Copanlisib was studied in 11 patients with R/R MCL as part of a larger NHL trial, with a reported ORR of 63.6%. Hyperglycemia and hypertension were the most commonly reported adverse events, but the rates of serious toxicities were less than in the idelalsib trial [79]. Copanlisib displayed more effective targeting of MCL cells in vitro, particularly in an ibrutinib/venetoclax dual resistant model; however, further studies are needed to assess responses in resistant tumors in vivo [80].
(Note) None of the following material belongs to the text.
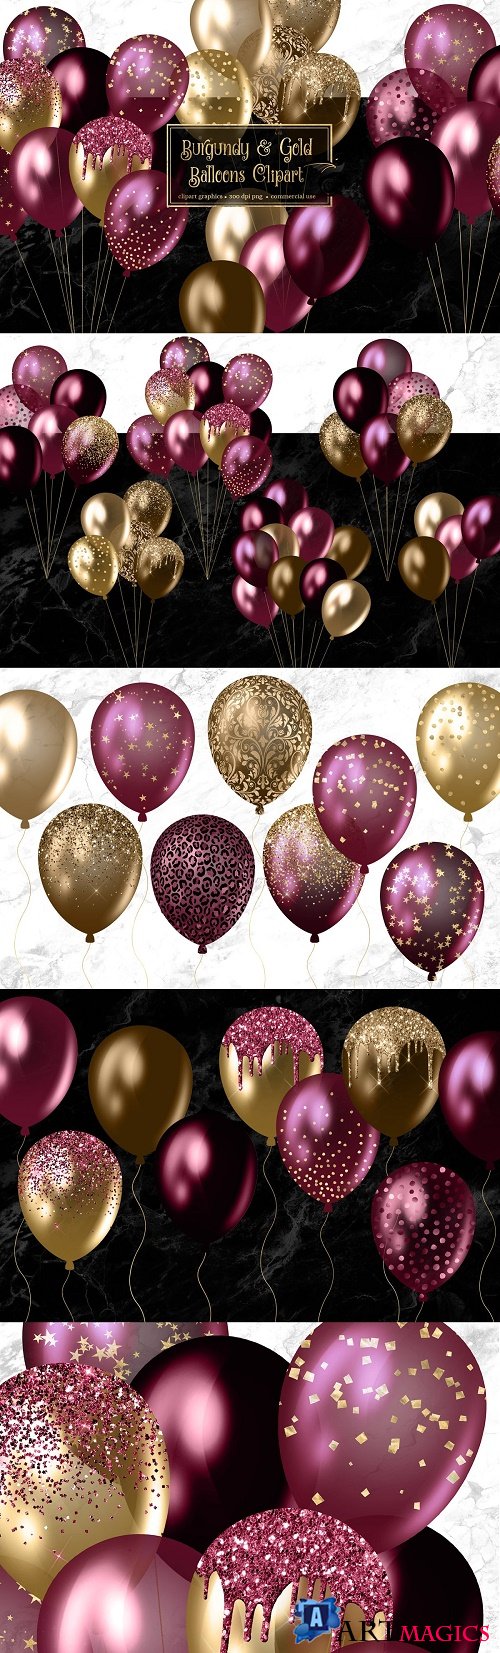 Burgundy and Gold Balloons Clipart - 4465656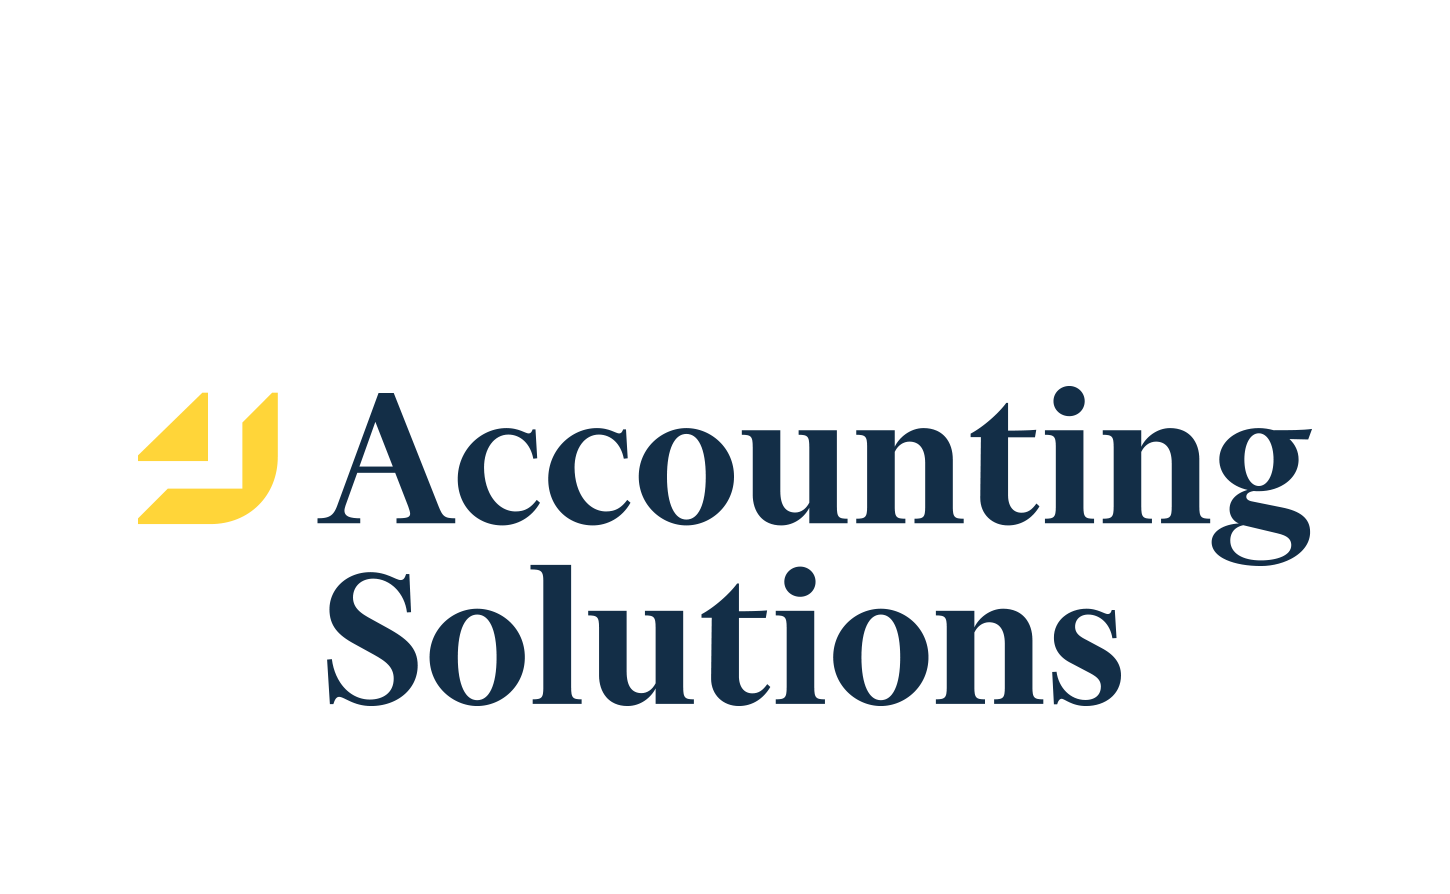 ACCOUNTING SOLUTIONS

Upregulation of the PI3K signaling pathway has been implicated in one method of ibrutinib resistance, and subsequent inactivation of the pathway with idelalisib in combination with ibrutinib in mouse models limited the growth of ibrutinib-resistant tumors [81]. Therefore, combinations of PI3K inhibitors with BTK inhibitors represents a possible pathway to overcome resistance. Umbralisib, a next-generation PI3K inhibitor, is being studied in a triplet combination with ublituximab and the novel selective BTK inhibitor TG-1701 in patients with R/R B-cell lymphomas (NCT03671590) [82]. Umbralisib, ublituximab, and venetoclax were shown to have good tolerability and rapid minimal residual disease (MRD)-negative responses in CLL [83] and the trial has since been expanded to include MCL (NCT03379051). Given the improved tolerability of umbralisib in other malignancies, we anticipate this may be a beneficial PI3K option for patients with MCL in the future.
5.2 Syk Inhibitors
Spleen tyrosine kinase (Syk) is also part of the BCR pathway, acting upstream of BTK and PI3K to initiate the BCR survival signal and amplify it through a non-antigen-binding dependent pathway [84]. Fostamatanib, an oral Syk inhibitor, was first trialed in patients with R/R B-cell NHL and CLL, including nine patients with MCL in a phase I/II study. The ORR was 22%; only one patient with MCL had a partial response and four had stable disease, but this represented a novel way to interrupt the BCR pathway [85].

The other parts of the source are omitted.